• _Data extract_:
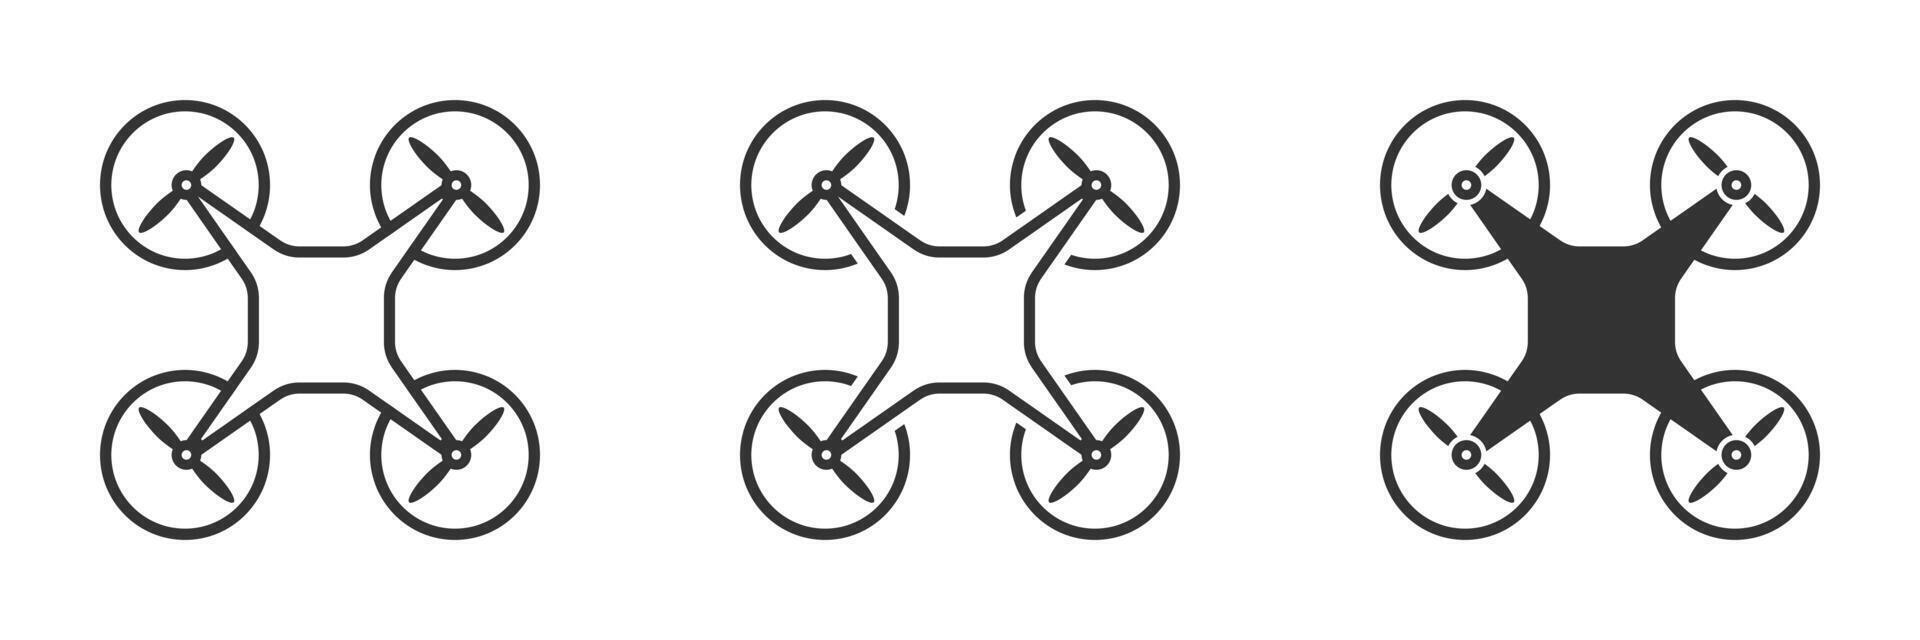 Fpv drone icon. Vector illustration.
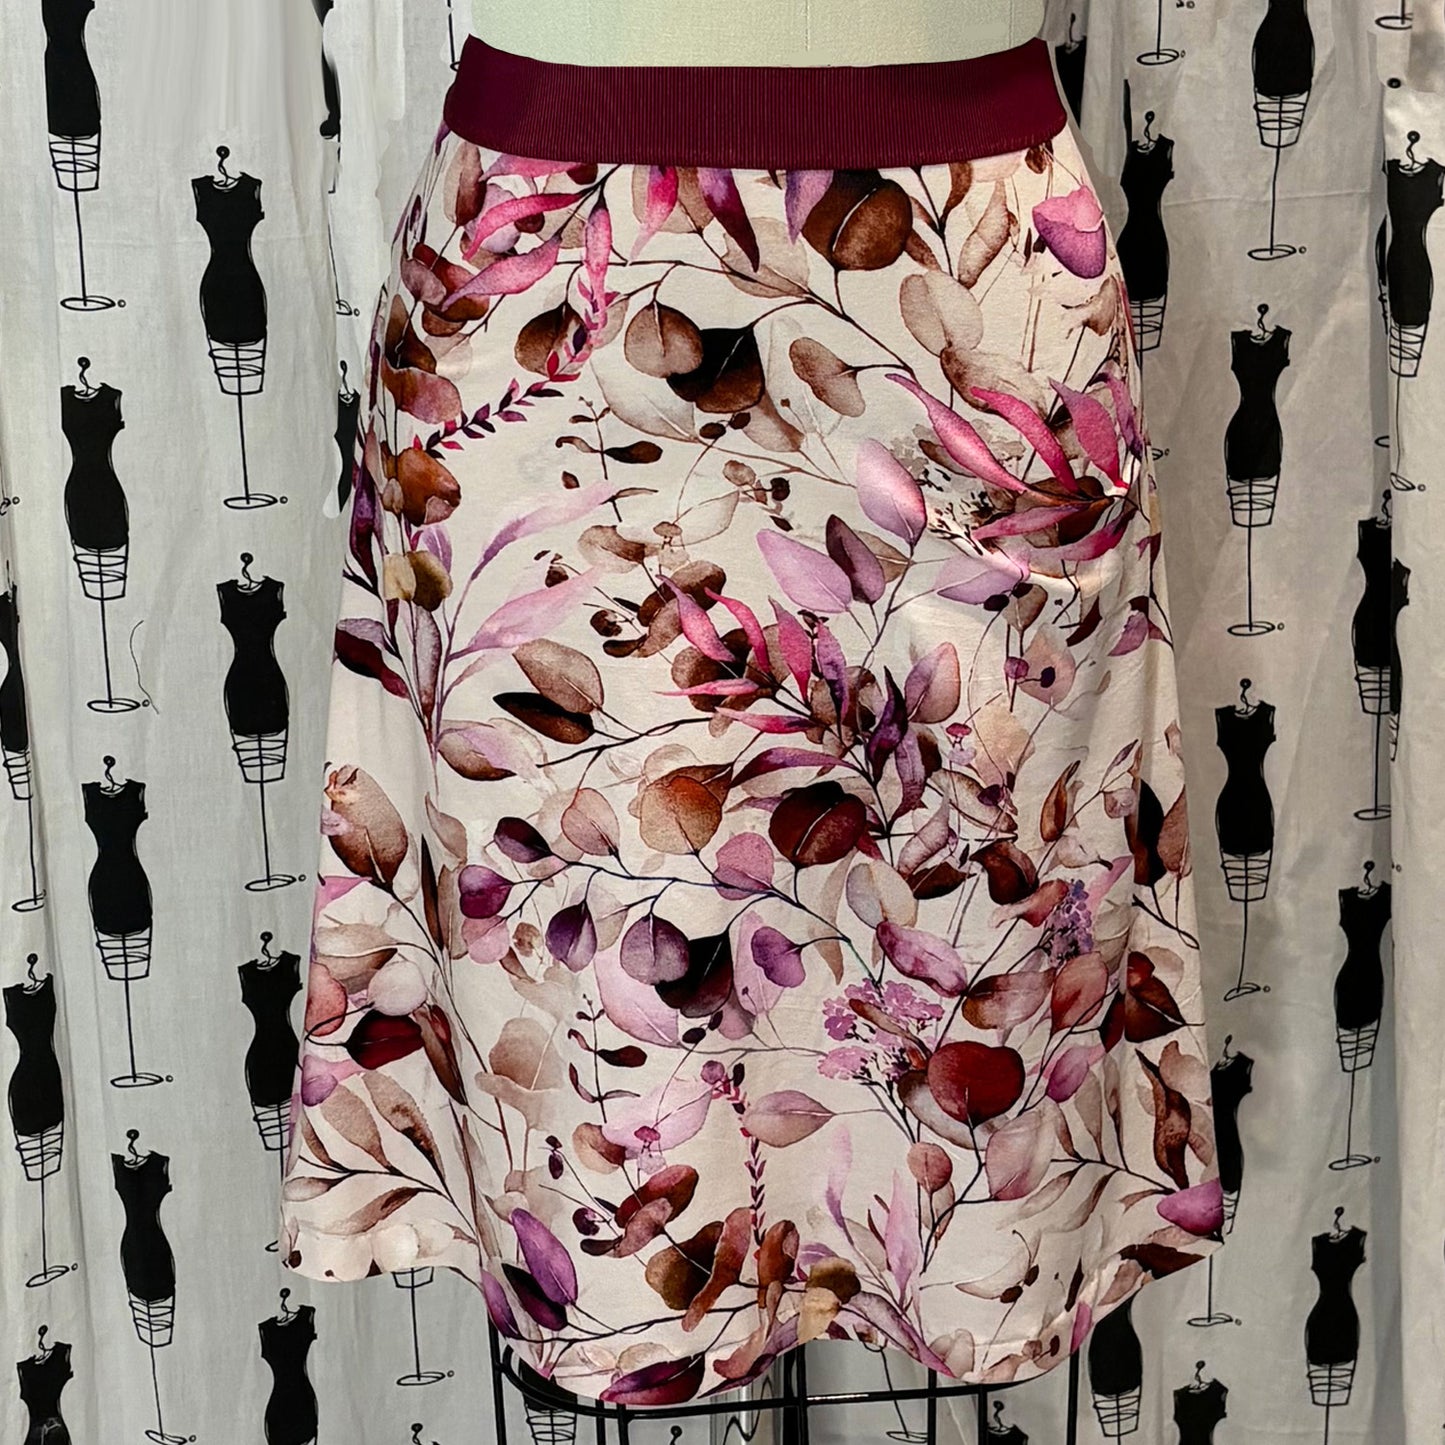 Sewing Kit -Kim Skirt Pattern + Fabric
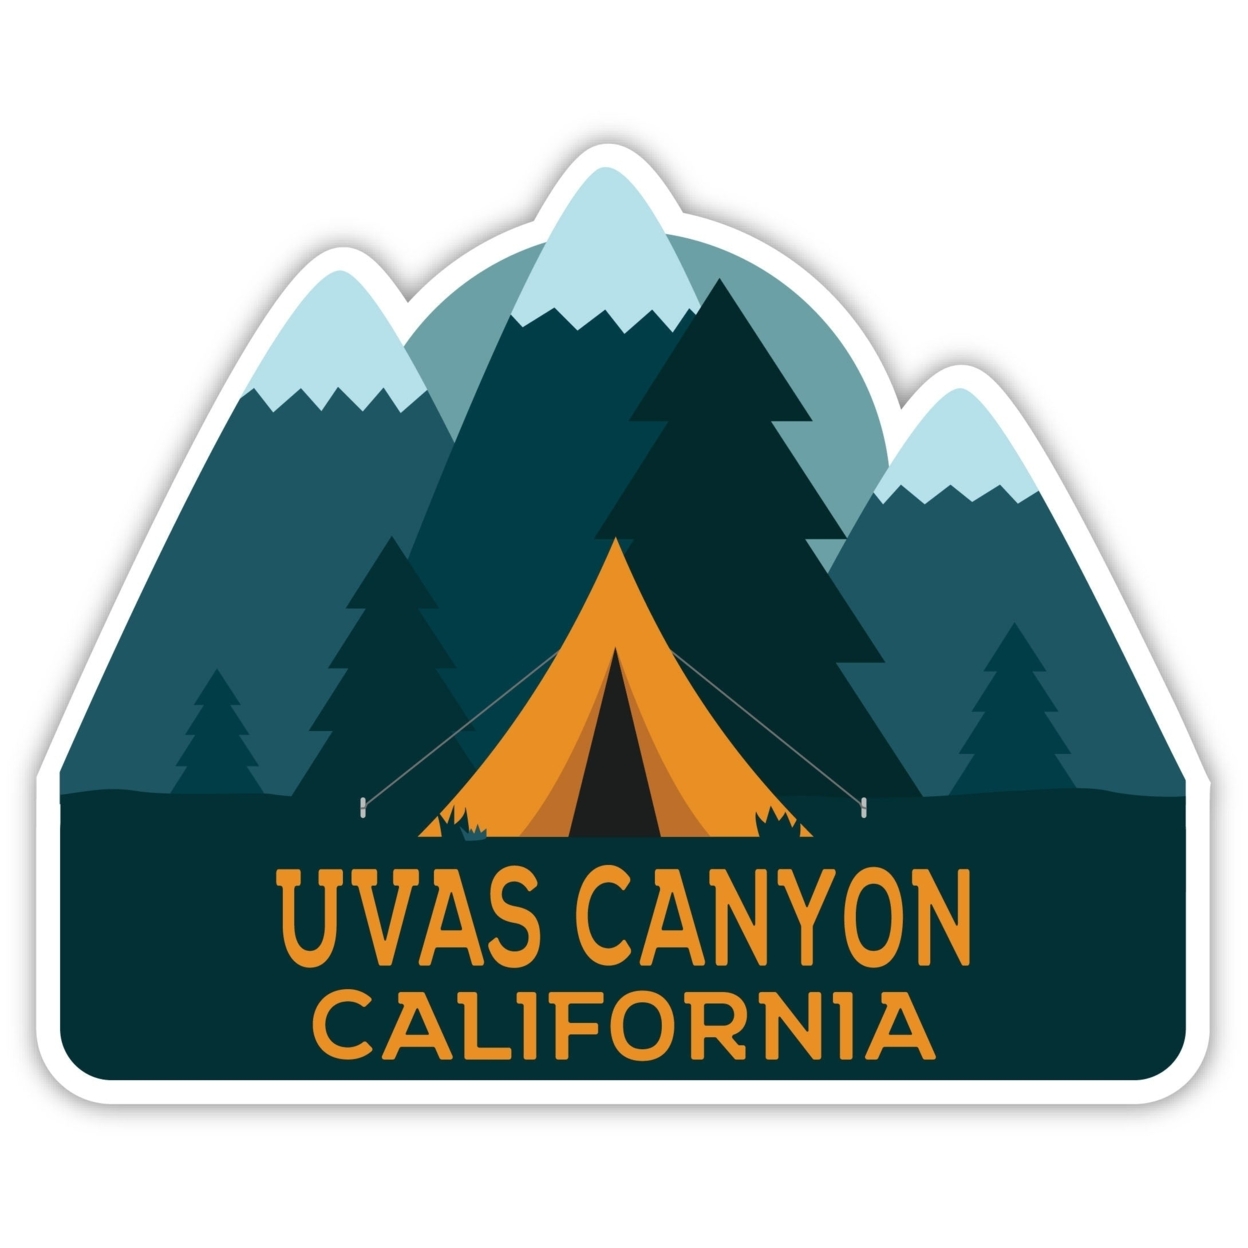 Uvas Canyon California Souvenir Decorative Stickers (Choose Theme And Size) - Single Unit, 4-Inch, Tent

• _What you need to do_:
The whole listing above needs to be copied exactly; please keep the pictures out.

• _Exercise output_:
 Fpv drone icon. Vector illustration.
 Sewing Kit -Kim Skirt Pattern + Fabric
 Uvas Canyon California Souvenir Decorative Stickers (Choose Theme And Size) - Single Unit, 4-Inch, Tent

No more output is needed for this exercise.